For our final column, we share some of our favorite tools, apps, platforms, and systems related to the open knowledge ecosystem. These tools are our preferred sources for data collection, analysis, and publishing; for library and learning management systems; and for everyday life.
DATA COLLECTION
KoBoToolbox (kobotoolbox.org) is a great mobile data collection tool designed by and for the international development and humanitarian community. It’s based on Open Data Toolkit (ODK), the de facto standard for mobile data collection. And while ODK offers many tools as part of its toolkit, the initial setup is rather involved. KoBoToolbox requires no setup and focuses on just three core functions: building forms, collecting data, and analyzing data.
Why we love it:
Getting a mobile data collection process off the ground can be a slow, expensive, and inefficient process, but KoBoToolbox makes it significantly easier— particularly when you’re working in a remote environment without stable internet access. Data collectors in the field can administer questionnaires with a tablet or smartphone, and data is stored on their local devices. Later, data can be uploaded to the server.
One thing we particularly love about KoBoToolbox is how easy it is to add new questions. KoBoToolbox comes with a bunch of different question types (select one, select many, text, barcode, map point, date/time stamp, rating, etc.).
ONLINE SURVEYS
While KoBoToolbox is fantastic for mobile data collection, LimeSurvey (limesurvey.org) is our choice for online data collection. It’s a solid alternative to SurveyMonkey or deploying forms via your website.
Why we love it:
LimeSurvey has the ability to create complex surveys in multiple languages. It’s easy to set up new surveys, copy surveys, and display and export results. The user interface that survey respondents see isn’t the prettiest thing in the world, but the ease of using LimeSurvey to administer surveys makes up for it in most cases. Questions can be added easily, duplicated, and reordered, and you can incorporate complicated survey logic. Surveys can be publicly accessible, or individuals can be invited to participate in them. Participants can be added via the import function.
Although LimeSurvey is designed for survey participants to complete their own surveys via the online form, there is a data entry option if you need to convert old, paper-based surveys or want to add a few paper-based responses to a primarily online survey.
Once a survey is live and respondents have answered some questions, admins are able to see responses and basic statistics from within LimeSurvey. If you want to perform deeper analysis with another package, you can easily export the data as a CSV file.
LimeSurvey is an open source PHP web application, so unlike SurveyMonkey, you’ll need to install LimeSurvey on a server, which has its pros and cons. On the plus side, sometimes it is important for security reasons to host your survey on your own server. On the down side, that means it’s one more application to support, secure, update, and maintain.
STATISTICAL ANALYSIS
The R Project for Statistical Computing (r-project.org) is a statistical analysis platform comparable to SPSS or Stata.

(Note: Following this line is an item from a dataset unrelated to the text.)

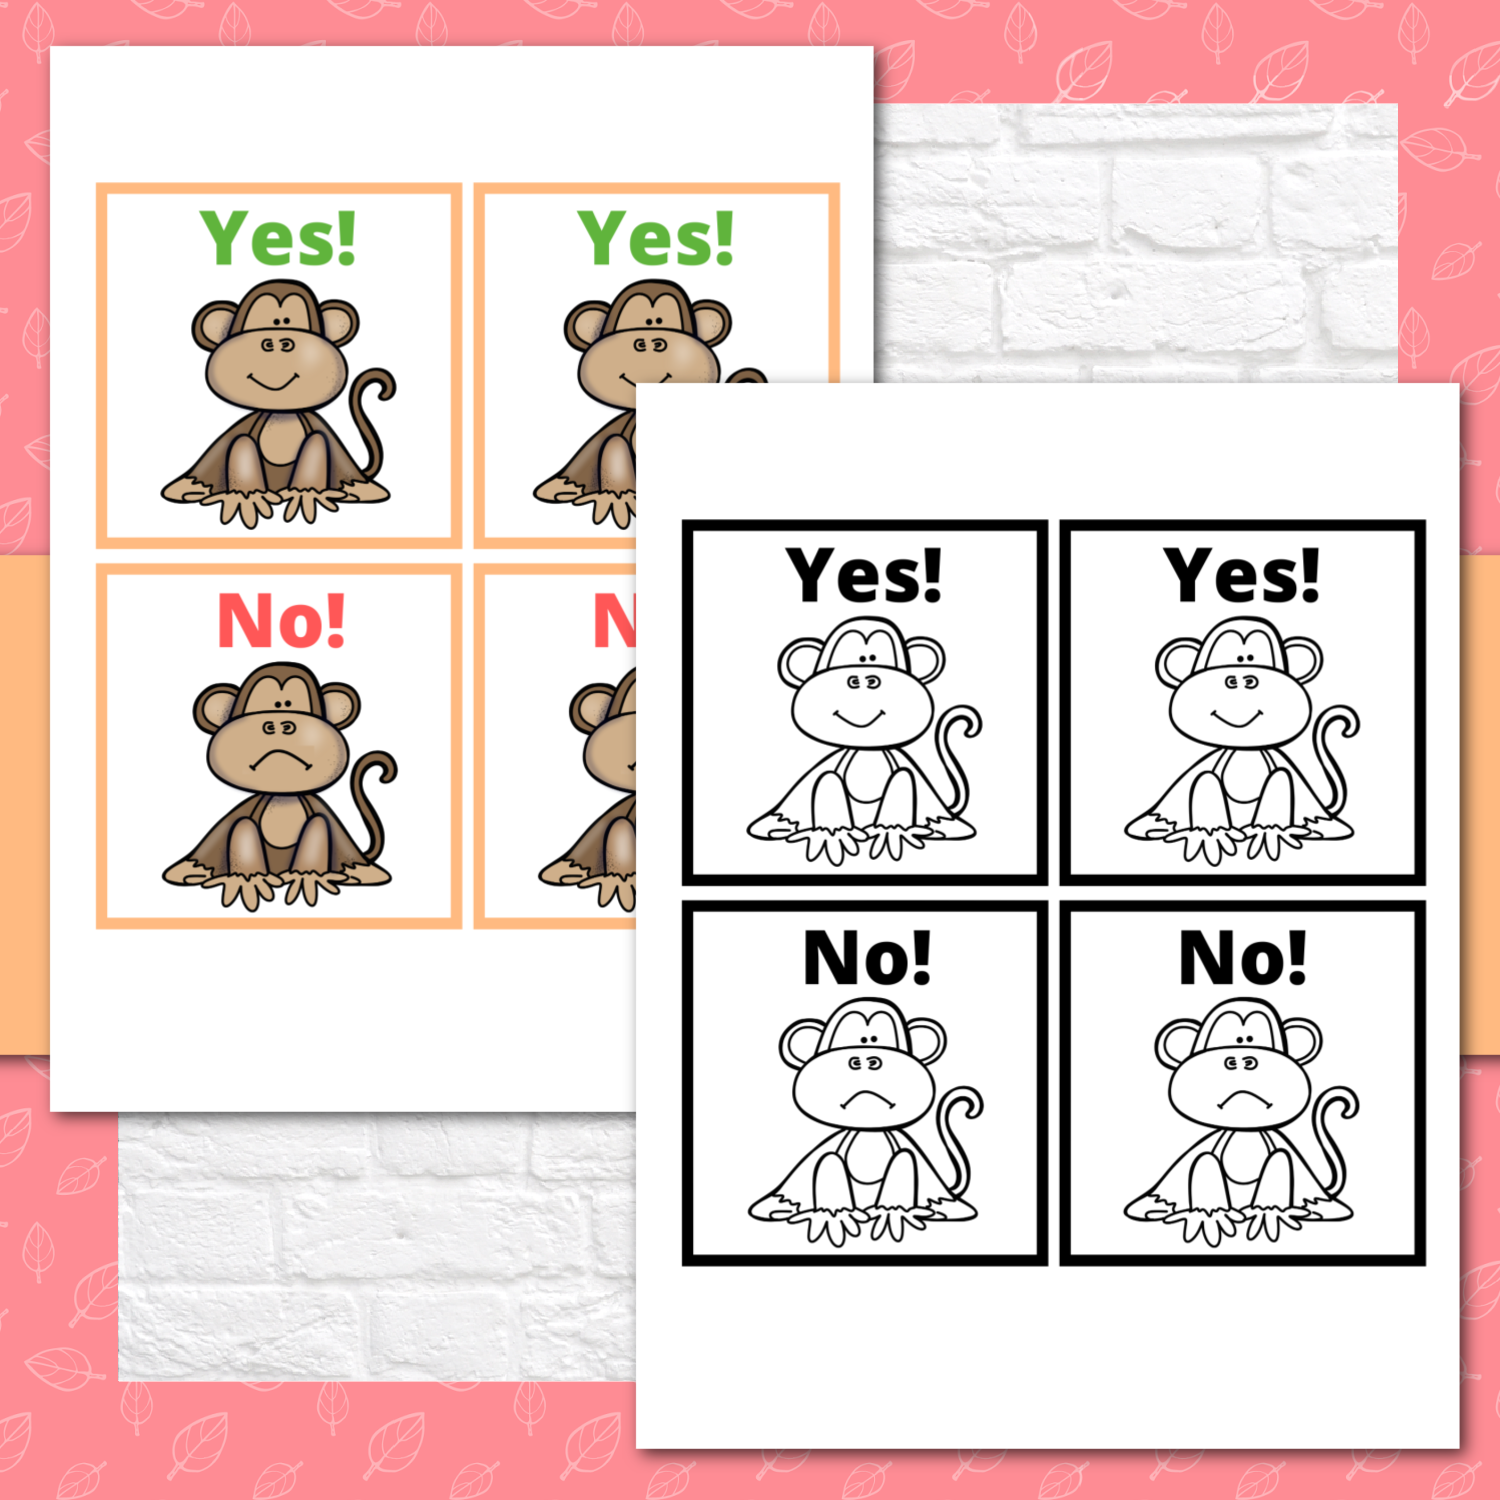 Smart Monkey Game for Studying Any Lesson - Lesson Review Bible Games for Youth

R has been around for more than 15 years. However, during the past few years, we’ve seen more uptake of R around the world as researchers and scientists have been cutting ties with expensive commercial software in favor of this open source platform.
Why we love it:
For researchers who aren’t working at a university or corporate library with access to an expensive SPSS or Stata license, R provides access to a robust statistical analysis tool.
Plus, R continues to evolve with new packages and add-ons developed and shared by the R community. From within R, you can install specialized packages to simplify common tasks or perform tasks specific to certain kinds of data (spatial, time series, financial). The R community has also developed various libraries to download large datasets. For instance, the CensusAPI package retrieves U.S. Census data, or you can use the FAOSTAT package to download data from the Food and Agricultural Organization (FAO) of the United Nations.
DATA VISUALIZATION TOOLS
These days, any time we need to make a graph, chart, or other type of data visualization, we go straight to the Seaborn library in Python (seaborn.pydata.org).
Why we love it:
While Excel can make basic graphs and charts, and Power BI is superb for creating dashboards, Seaborn is designed to handle statistical data visualizations. It’s a great way to explore data. Through Seaborn, you can easily create scatter plots, swarm plots, and box plots; control the aesthetic style of plots; define color palettes; and more.